A local’s perspective on how to eat and explore your way through two of Canada’s biggest cities in 24 hours.
One of my friends told me that I’m going to keep moving east until I end up right back in Vancouver, and that isn’t too far-fetched. I have been constantly migrating east ever since the end of high school— first Toronto, and now Montréal.
As a proud Vancouverite, I know the city like the back of my hand. Seriously, you could plop me down in the middle of Sapperton and I’d know how to get home. The same goes for Toronto.
Any local of any city has their go-to places and I am proud to have culminated my own lists for both Vancouver and Toronto. I’ve got a lot of food and to-do recommendations; so in honour of summer plans being made, here are my *local’s* recommendations in the two cities.
Up first is my home base, Vancouver—prefacing this with the fact that I grew up in Kitsilano, which is ten minutes away from the University of British Columbia, so these recommendations are in and around that area.
Start the day off on a sweet note at Grounds for Coffee for the best cinnamon buns in the world. My mum and I have been frequenting Grounds since I was a toddler, so that should speak volumes. Alternatively, head up to Blue Chip at UBC for a bite (make sure to grab one of their iconic cookies), and explore the UBC campus. It is genuinely the most beautiful Canadian campus in my opinion and always has something new to check out.
From there, hop on the 99 B-Line bus and get some sushi from Masa Sushi on Broadway—their Secret Garden Roll is definitely a must. If you aren’t in the mood for sushi, go to Sing Sing on Main Street and order an assortment of appetizers to nosh on. Dodge into a couple thrift stores or any of the hole-in-the-wall antique shops for some unique finds.
For dinner, head over to Marcello Ristorante on Commercial Drive. Dubbed as Vancouver’s “Little Italy,” this area offers some pretty stellar Italian food, as well as some more thrift stores and parks. Wind down with some ice cream from Earnest Ice Cream on Quebec Street and East 2nd.

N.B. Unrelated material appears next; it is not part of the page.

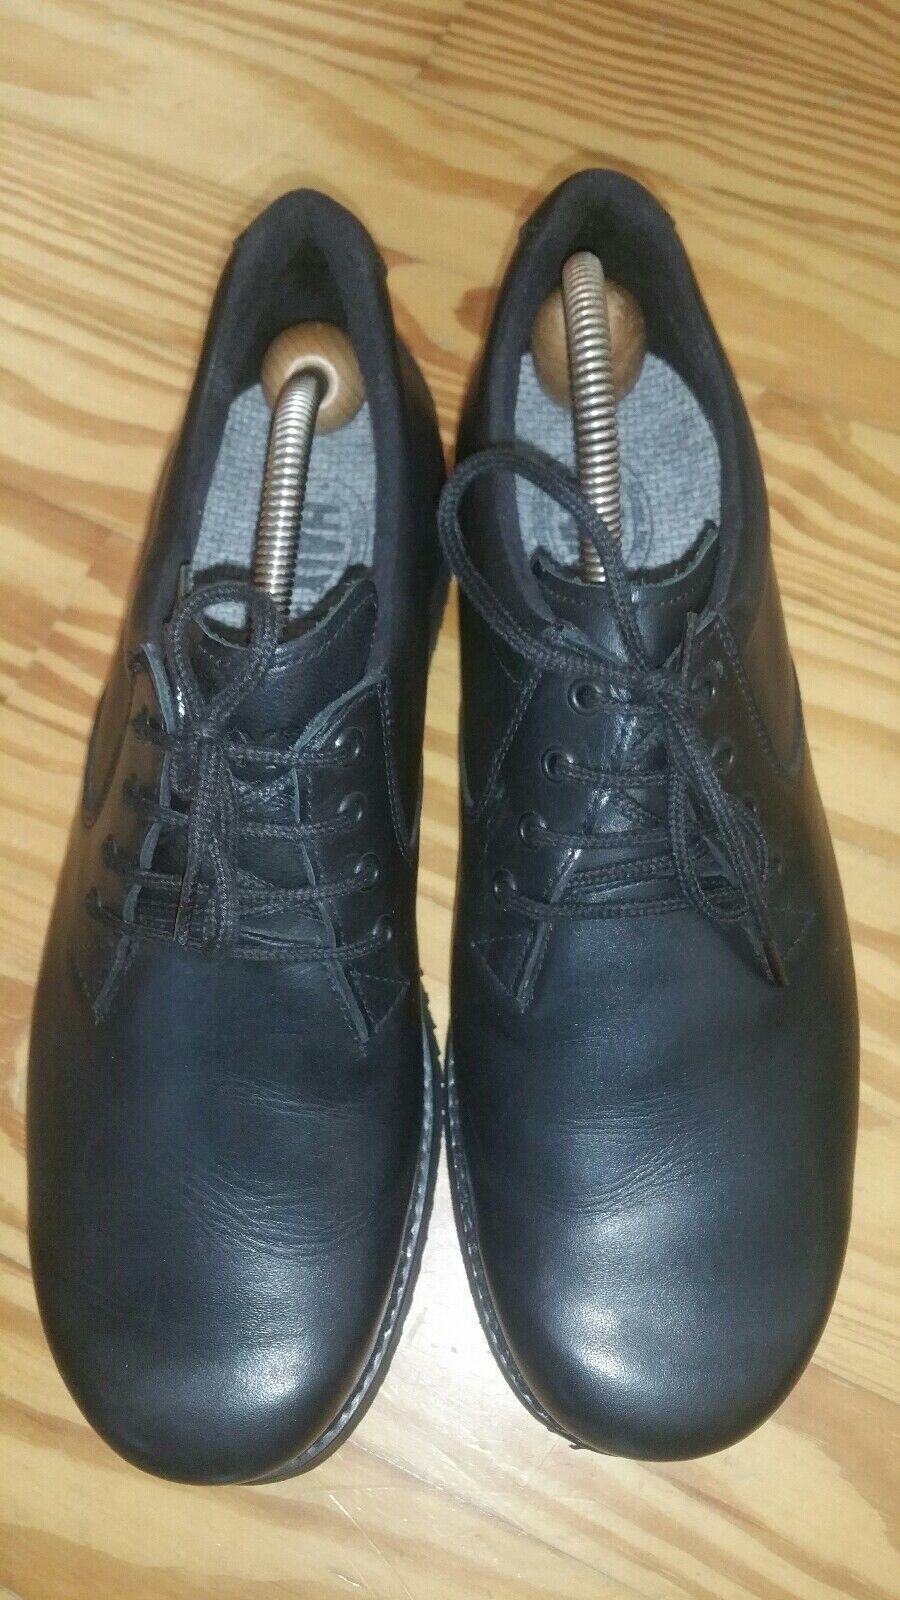 HAIX Messieurs basses service chaussures basses cuir noir T 42 UK 8 NEUF

They’ve always got the most unique flavours—such as whiskey hazelnut and London fog.
That’s a pretty decent day spent in the main areas of Vancouver (excluding downtown, which is an entirely different world in and of itself ).
Moving east to Toronto: home to big buildings and the best soup dumplings ever. These recommendations are mainly in and around the downtown neighbourhoods, with the exception of Roncesvalles. Start off your morning at Fran’s for some Toronto staple diner-style brekkie—I am partial to their College Street location.
For lunch, head to Juicy Dumpling in Chinatown for the cheapest and best soup dumplings ever – I am forever grateful to my friend for introducing me to my now go-to. Explore the Chinatown area for some cool thrift stores and unique memorabilia finds. Or, go to Grillies on Dundas for an amazing pulled pork sandwich.
Madras Kaapi on College is a haven for some South Indian style coffee; you can also check out the little stores in and around the area for some unique collectibles. My friend and I have spent hours there trying out the various pastries and food. Reunion Coffee Roasters in Roncesvalles is also great to grab a coffee and explore the picturesque little neighbourhood. I love poking around the main strip and wandering in the inside roads—I could easily spend all day there, especially since it’s the first place my Opa lived when he immigrated to Canada in ‘58.
Finally for dinner, check out Vivoli for some killer Italian food! After the surprise birthday party that my friends organized there for my 20th, it is forever a kindred spot for me.
And there you have it! How to spend 24 hours in two of Canada’s biggest (and polar opposite) cities.
Hopefully this awakened the tourist within!